The Commission proposes that the highest and the lowest level of damages under § 39 shall remain unchanged, but that the damages for an employer with fewer than 50 employees shall be reduced by one month's salary for every fifth employee below that number.

Invalid shortage of work dismissals

Upon dismissal due to shortage of work, the employer must follow certain priority rules (§ 22 LAS). If an employee is dismissed in violation of the priority rules, he or she cannot have their termination invalidated (§ 34 first paragraph LAS). According to the preparatory work of the LAS, an employer must be able to implement the redundancy, without this being stopped by workers claiming that they should not have been dismissed according to the priority rule, and thus remaining employed during the dispute. Further, it is stated that it is not appropriate for the employee winning a dispute regarding the priority rules to have the right to return to employment, since this would lead to another employee being dismissed instead (see Section 6.3.3).

A dismissal is not subject to a just cause if the employer can reasonably be expected to find the employee alternative work within the company, § 7 second paragraph LAS. In such a situation, the termination may be declared invalid under § 34 first paragraph.
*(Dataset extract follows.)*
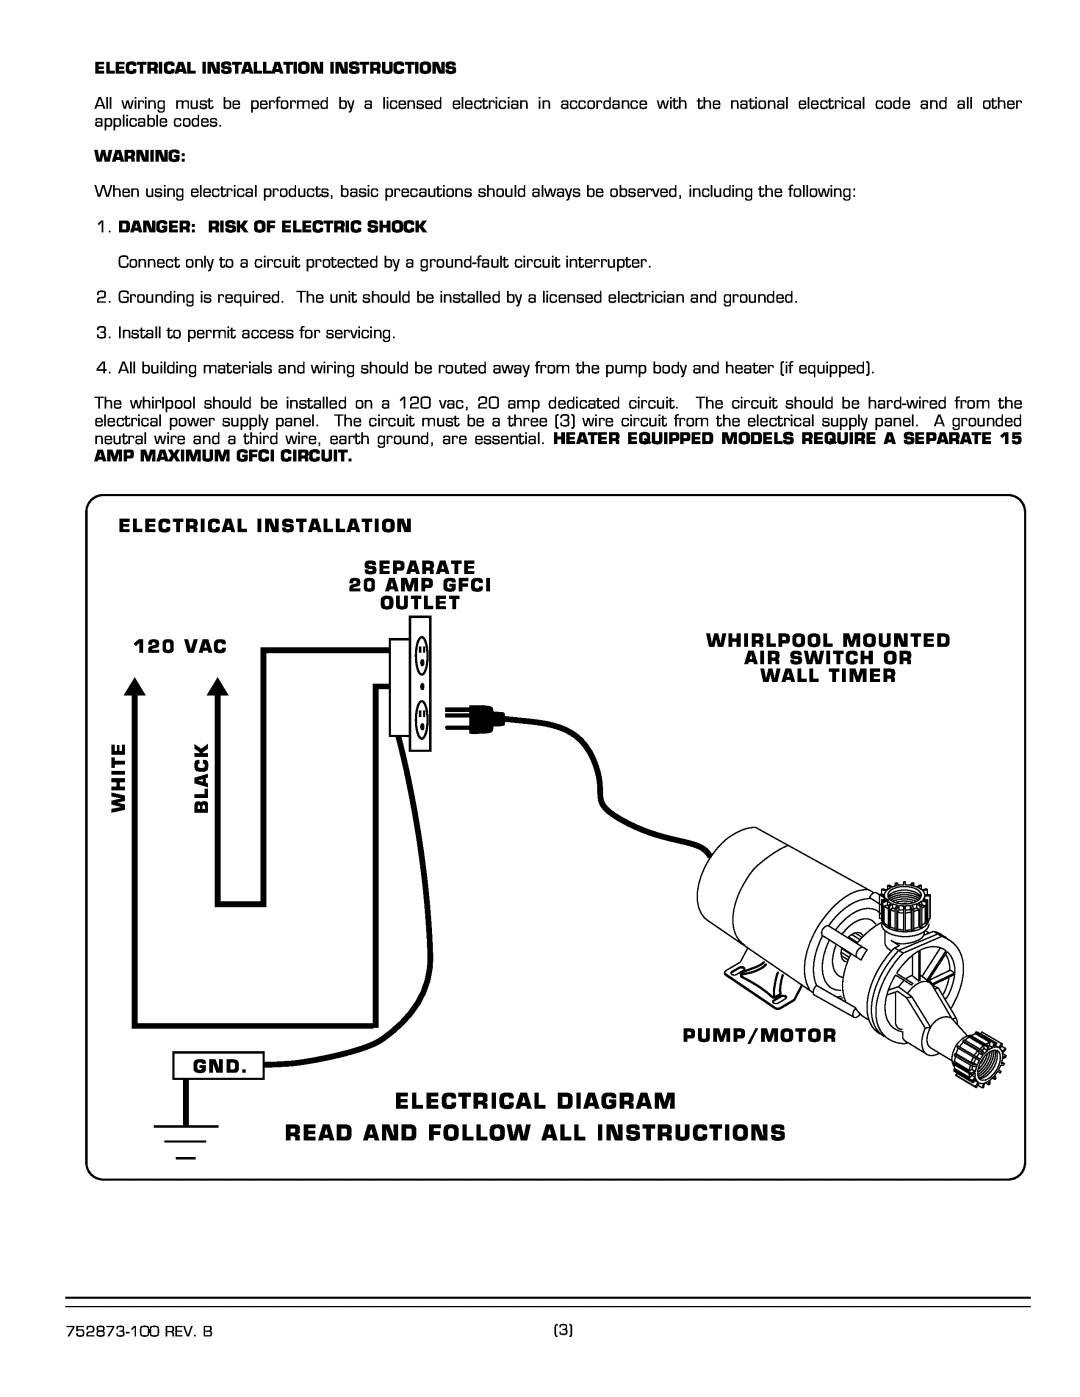 American Standard 2711E installation instructions Electrical Diagram Read And Follow All Instructions 
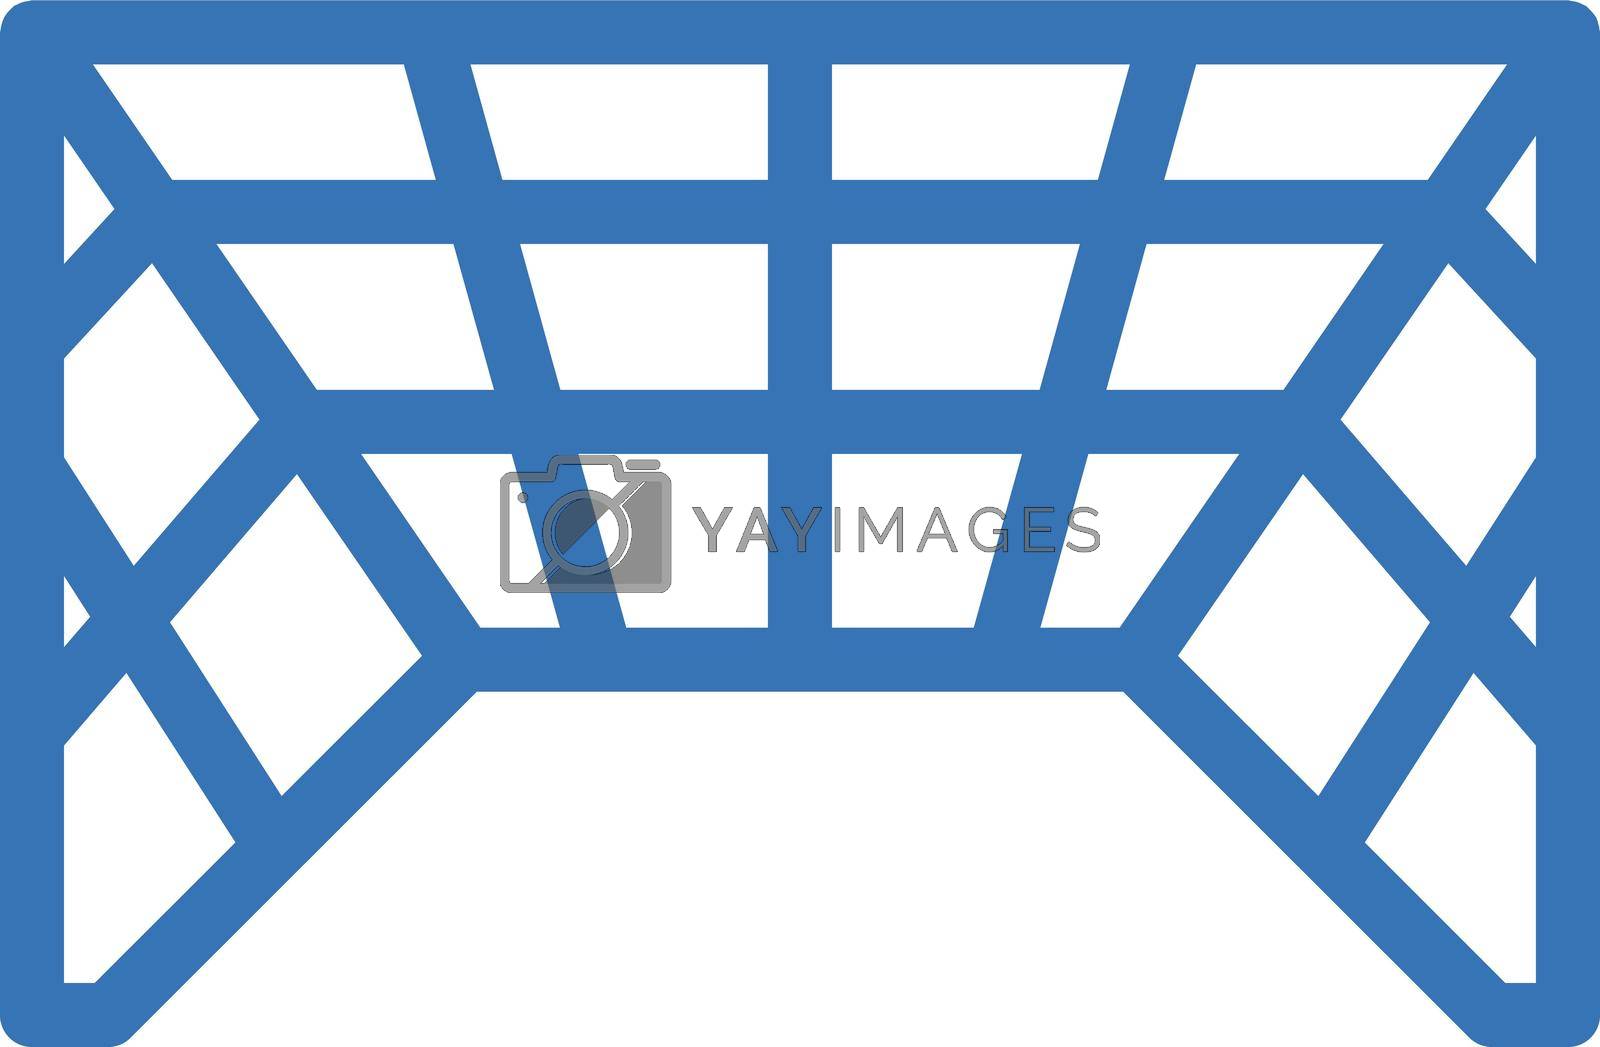 Royalty free image of net by FlaticonsDesign

The Commission considers that the same reasons given for why a dismissal should not be declared invalid only because it is in violation of the priority rules is also applicable for violations of the reassignment requirement of § 7 second paragraph. According to the Commission, the current system delays and obstructs structural changes, and enhances employment protection for some workers at the expense of other workers. Therefore, the Commission proposes that dismissal due to shortage of work shall no longer be declared invalid on the grounds that the employer has not fulfilled its reassignment responsibilities. It shall only be possible to claim damages in such situations.

22

SOU 2012:62 Summary

The Survey

In accordance with the directive, the Commission has carried out a survey of how dismissal disputes are handled in practice. The survey also includes disputes concerning summary dismissal because the rules are closely related to those concerning ordinary dismissal. The survey has included both disputes settled in court and disputes settled outside of court.

The survey covers a large number of judgments, relating both to invalidity of dismissals and damages, during the period 2005–2010. With regard to disputes that are solved at the negotiation stage, we have posed questions to the reference group that has provided support with the help of their respective organisations.

The survey showed that the vast majority of terminations and dismissal disputes, probably over 90 per cent, are settled without the dispute being brought to court. The most common solution is that the parties agree that the employment ends on a certain date, and that the employer pays compensation to the employee.

Based on the collected material, the Commission’s calculations reflect that there is a total of about 600 dismissal disputes brought to court each year. Every second dispute tried by the Labour Court takes more than 17 months from the dismissal until judgment. If the dispute is tried by the District Court, it takes a slightly longer time. Every second trial before the District Court that is appealed to the Labour Court takes more than 35 months from the dismissal to the final judgment of the Labour Court.

The average duration is shorter among the cases where the employee claims invalidity of dismissal than in the cases where the employee only claims damages.

The survey further shows that the Labour Court, on average, declares three ordinary dismissals invalid per year. In approximately seven out of ten District Court rulings, the Court confirms a settlement between the parties. In the Labour Court, the proportion is just over one in ten.